As an example, today I re-implemented Google's AlphaEvolve with <7 tools (https://toolkami.com/alphaevolve-toolkami-style/).

joshstrange · 3 months ago
100% this.

Next steps are auto-generate or auto-mashup tools (a couple of projects are doing this) and small, reusable agents that only have access to the handful of tools they need.

“Auto-mashup” refers to (I just made it up) a concept of chaining existing tools with a bit of logic so that instead of having to round trip to the LLM for common cases you can call “Get the load, and the last N log lines, and procstat the top 10 procs, …” all into a “check_server_status”. Similar to some systems that let the LLM write and reuse tools, this would be the same thing, just leveraging other/existing MCP tools. Maybe “auto-composition” is a better name.

jappgar · 3 months ago
Is this like 10 years ago when you could find a Directory of GraphQL Servers?

Seems silly in retrospect no?

Too · 3 months ago
The difference is that GraphQL requires explicit integration with every single API. With MCP you just add the endpoint (close your eyes for security issues) and voilá, several new capabilities were added that you can talk to using human language.
malablaster · 3 months ago
I agree.
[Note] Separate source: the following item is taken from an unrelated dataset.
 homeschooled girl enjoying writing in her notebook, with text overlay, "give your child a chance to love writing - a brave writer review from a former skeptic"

There’s no need to centralize this list.
slimslenders · 3 months ago
Community MCP servers available as Docker images are also being listed here https://hub.docker.com/catalogs/mcp
jillesvangurp · 3 months ago
There's a big market opportunity here. Countless SAAS solutions are currently trying to figure out how to deal with this new AI thing. If it has some kind of API, creating an MCP server for it isn't technically hard. You can probably generate one with an LLM. It's so easy that you wonder why this is a thing at all. Let the LLMs sort it out; this is low level plumbing stuff it shouldn't require my brain to work hard.
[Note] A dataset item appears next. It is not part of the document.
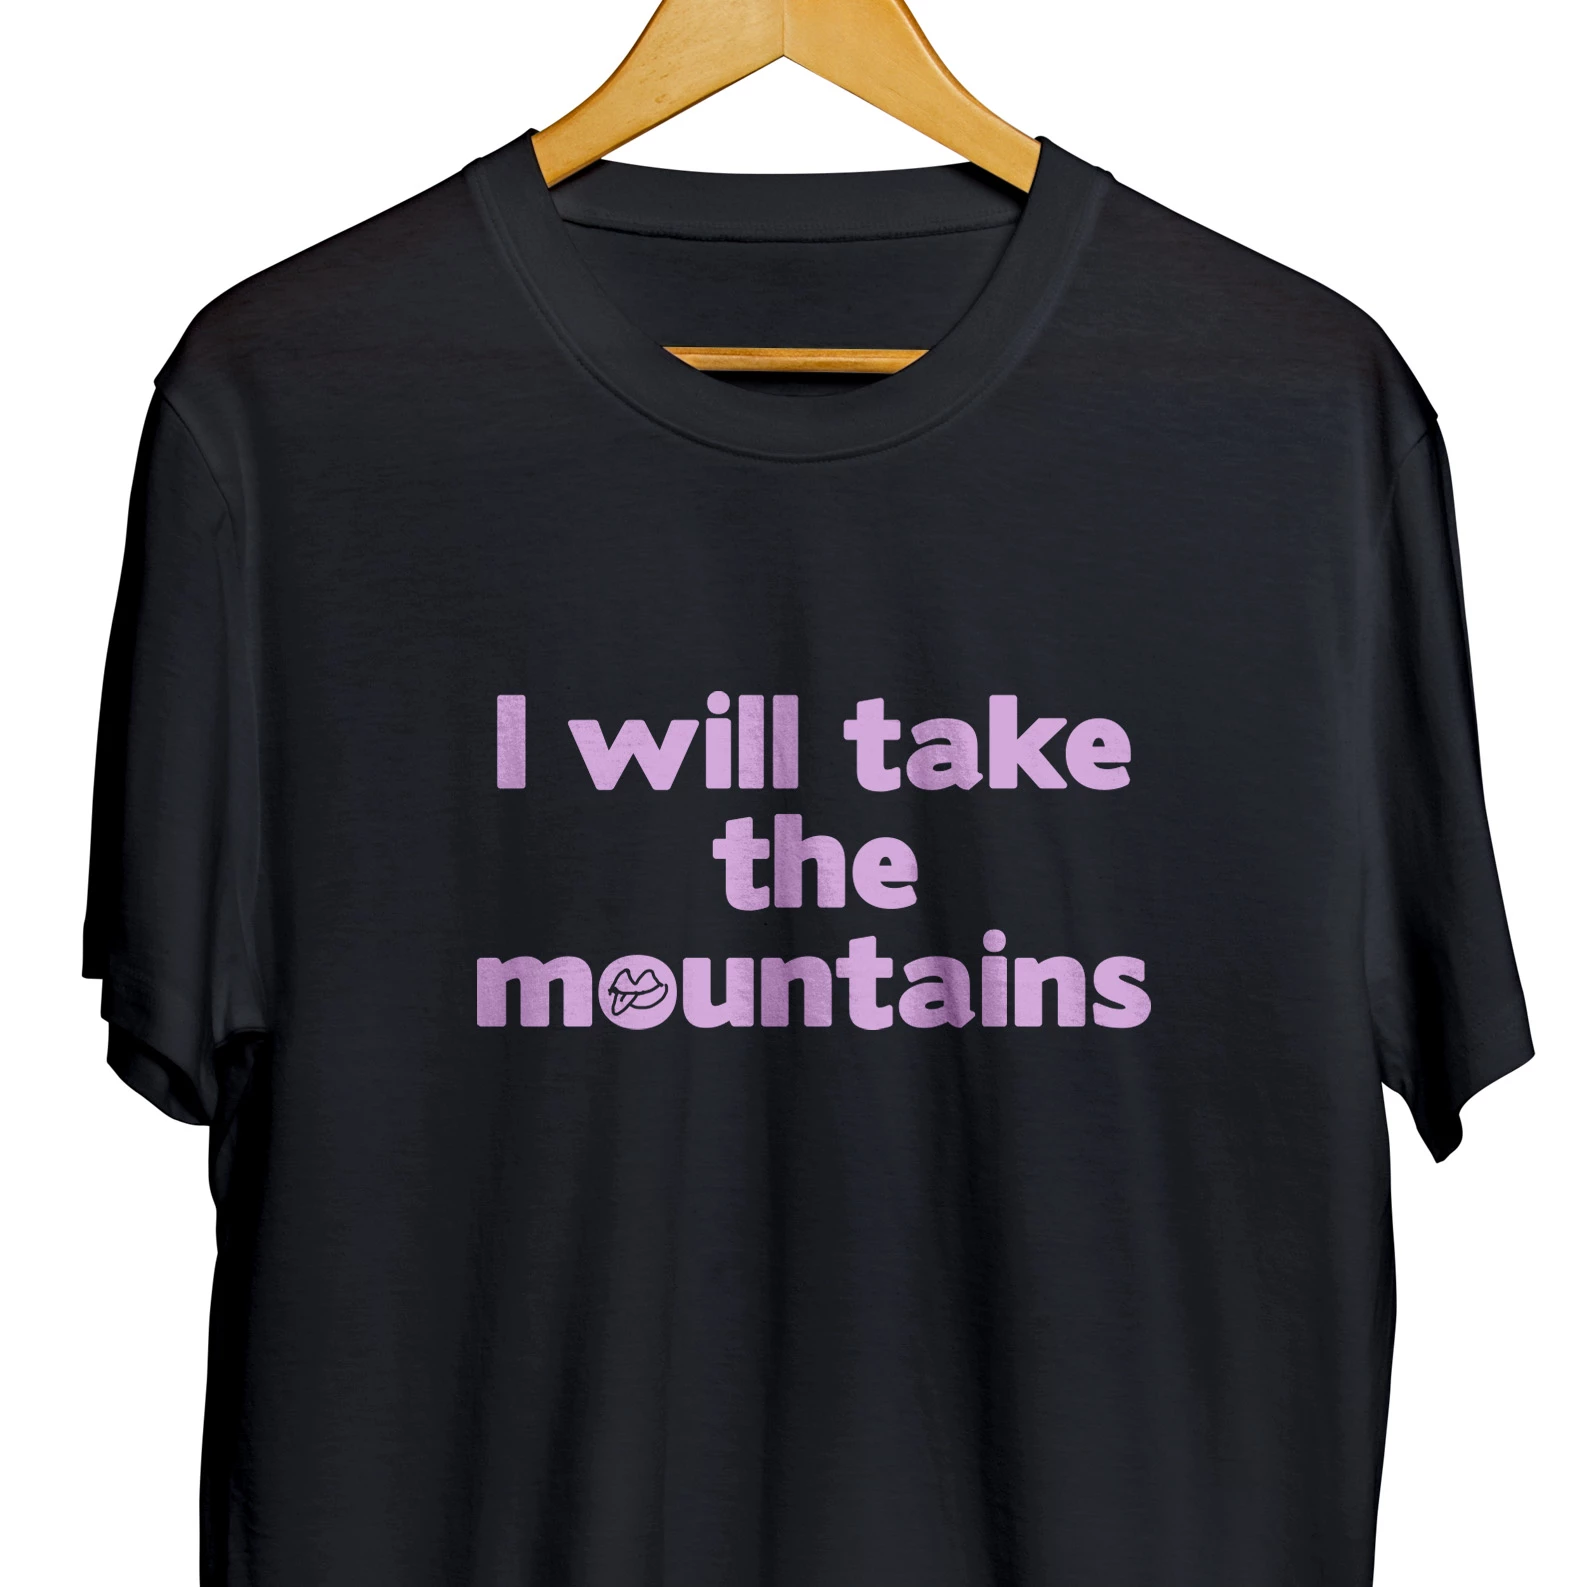 I will take the mountains T-shirt

What is hard is integrating across SAAS solutions that haven't done this yet in a way that is secure and easy. Most MCP things out there are so far about exposing things that have a very low value. All the high value stuff is locked up behind APIs, authorization, secure networking (i.e. not publicly accessible typically), etc.

Bridging that stuff is going to generate a lot of work in the next few years and more importantly, companies are going to spend large amounts of money on this because it can deliver a lot of value to them.
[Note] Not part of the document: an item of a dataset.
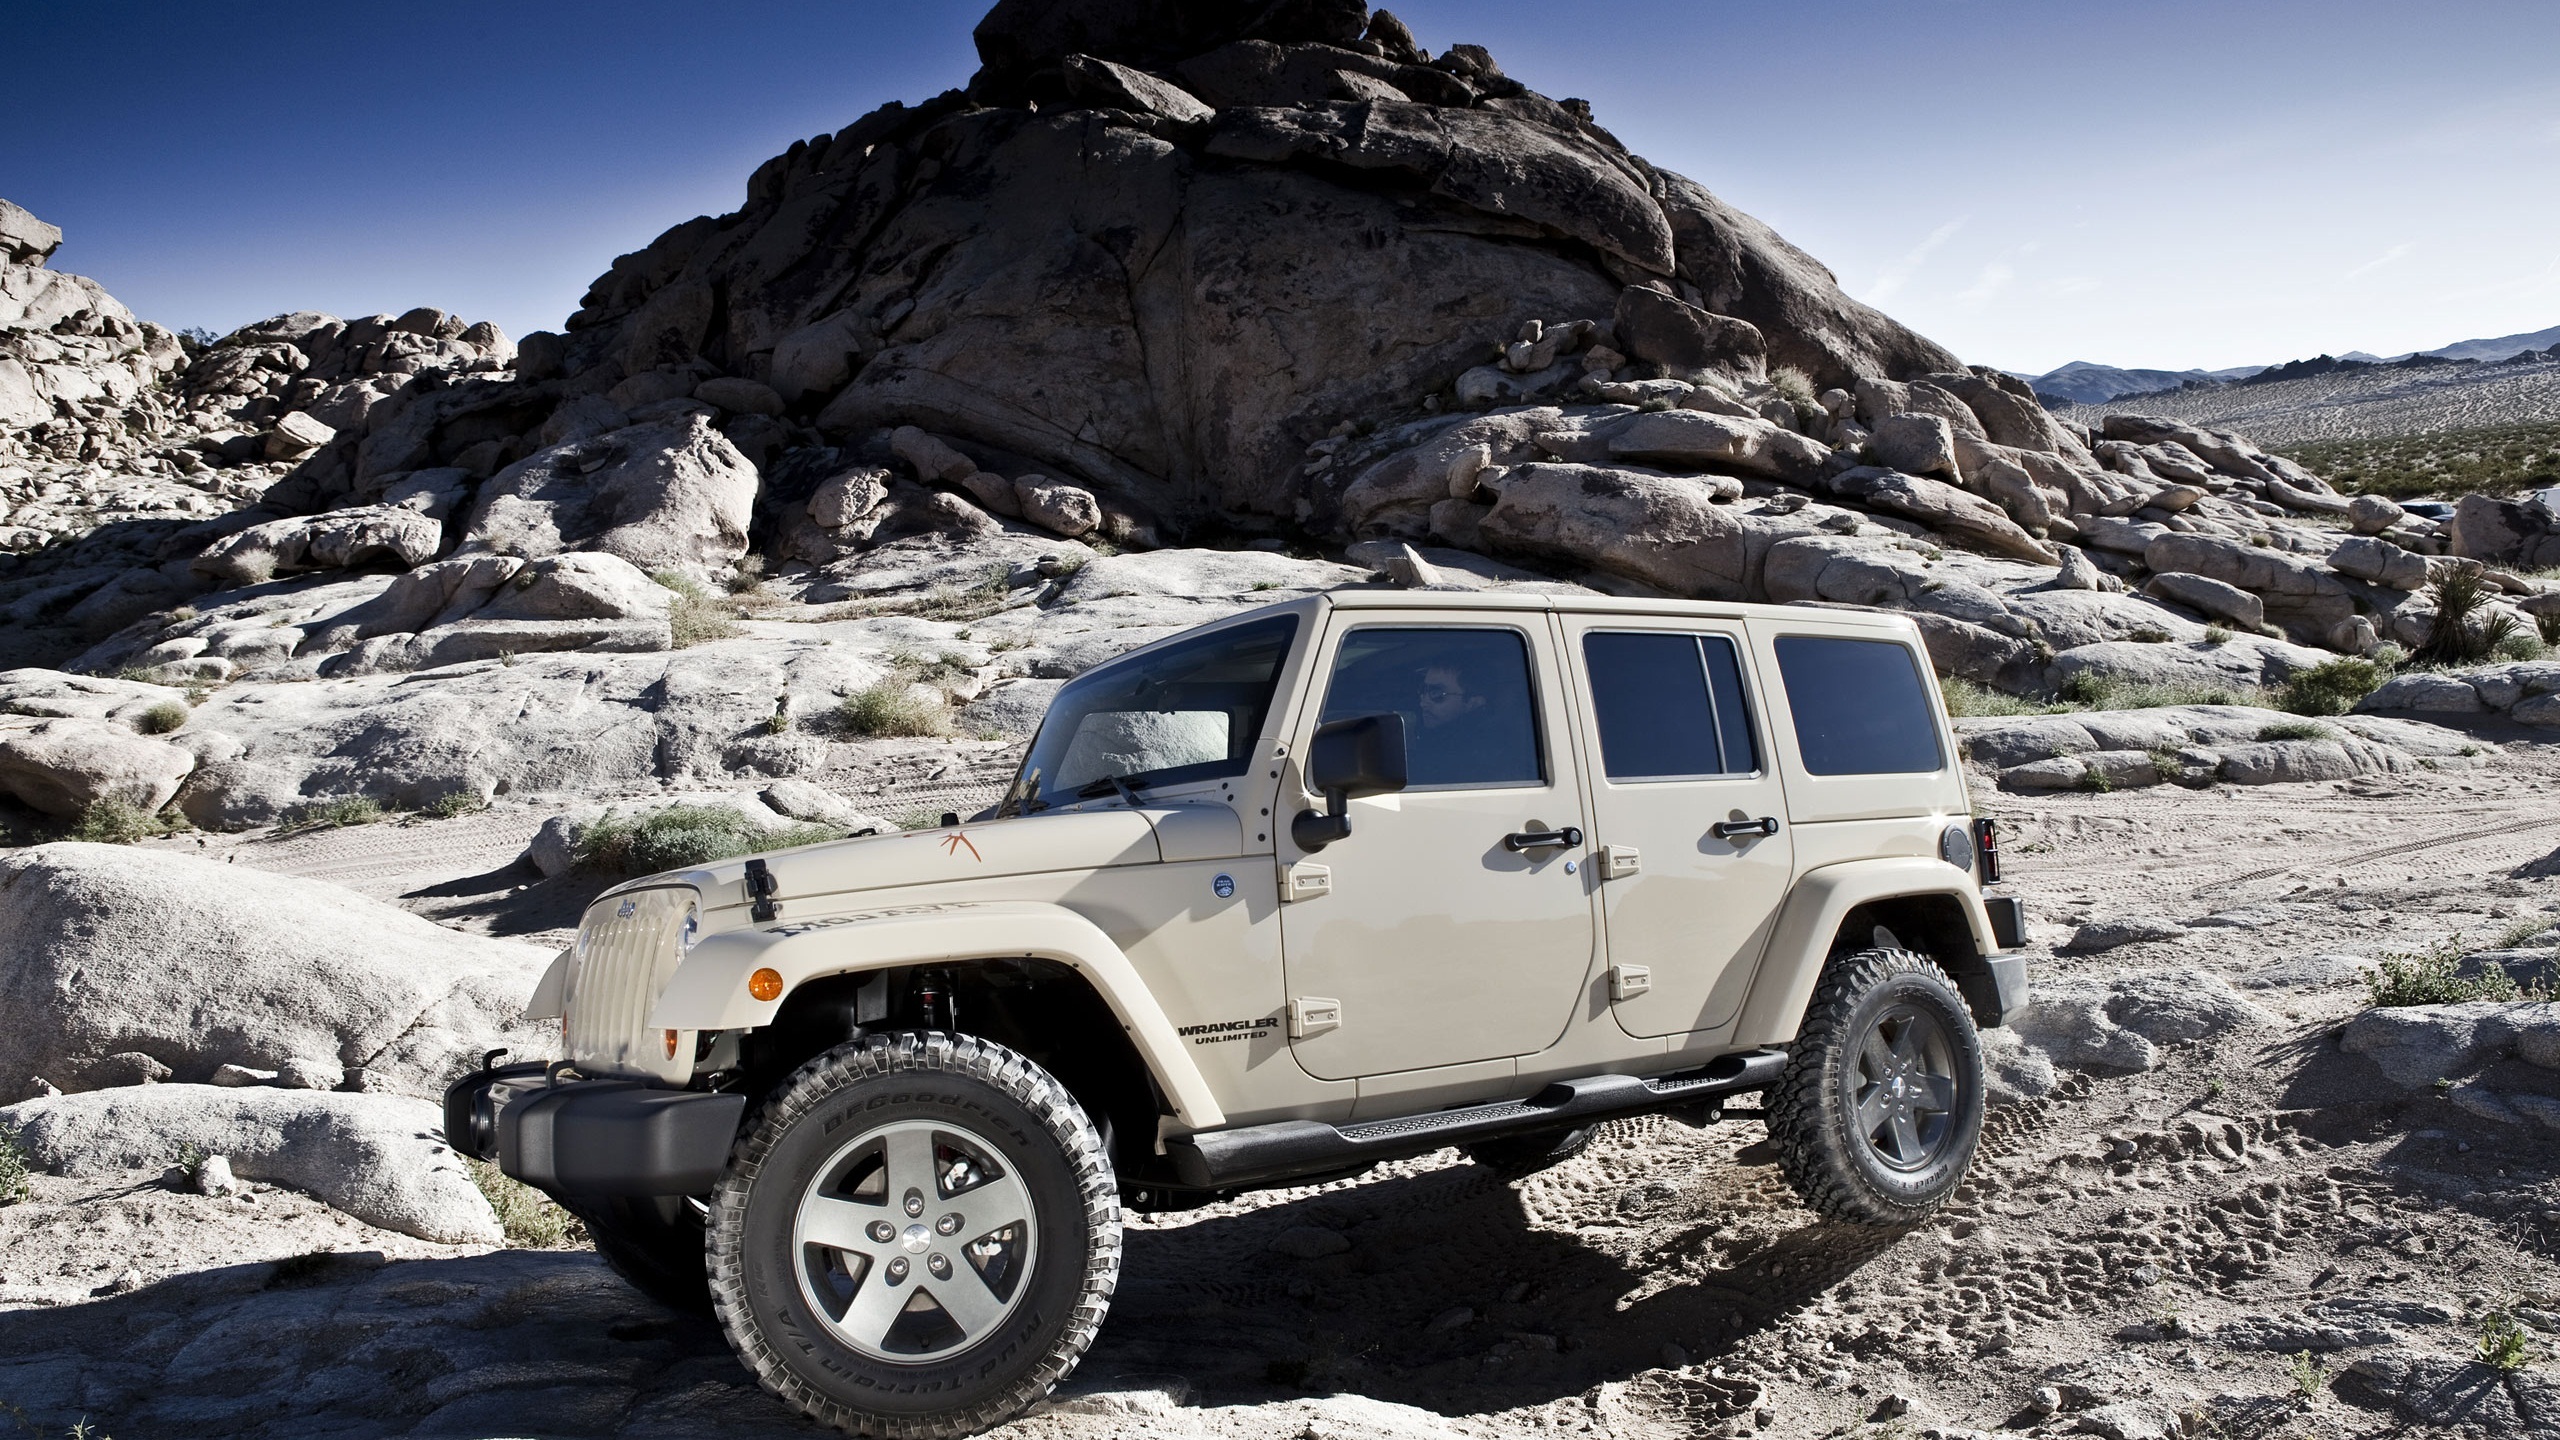 Gorgeous Jeep Wrangler Wallpaper | Full HD Pictures

People that believe that this is going to be a done deal in six months are dreaming. It's more like ten years. But that just means that there is good money to be made by people that can do this stuff and that can navigate the decades of byzantine digital cruft in the corporate world. You can already see the usual suspects (big consultancy companies) sniffing around this topic. There will be lots of such companies doing a brisk business by the end of this year.

buremba · 3 months ago
> People that believe that this is going to be a done deal in six months are dreaming. It's more like ten years.

You might be underestimating how fast the current ETL / integration companies can pivot to provide reliable MCP servers as the lift is pretty small.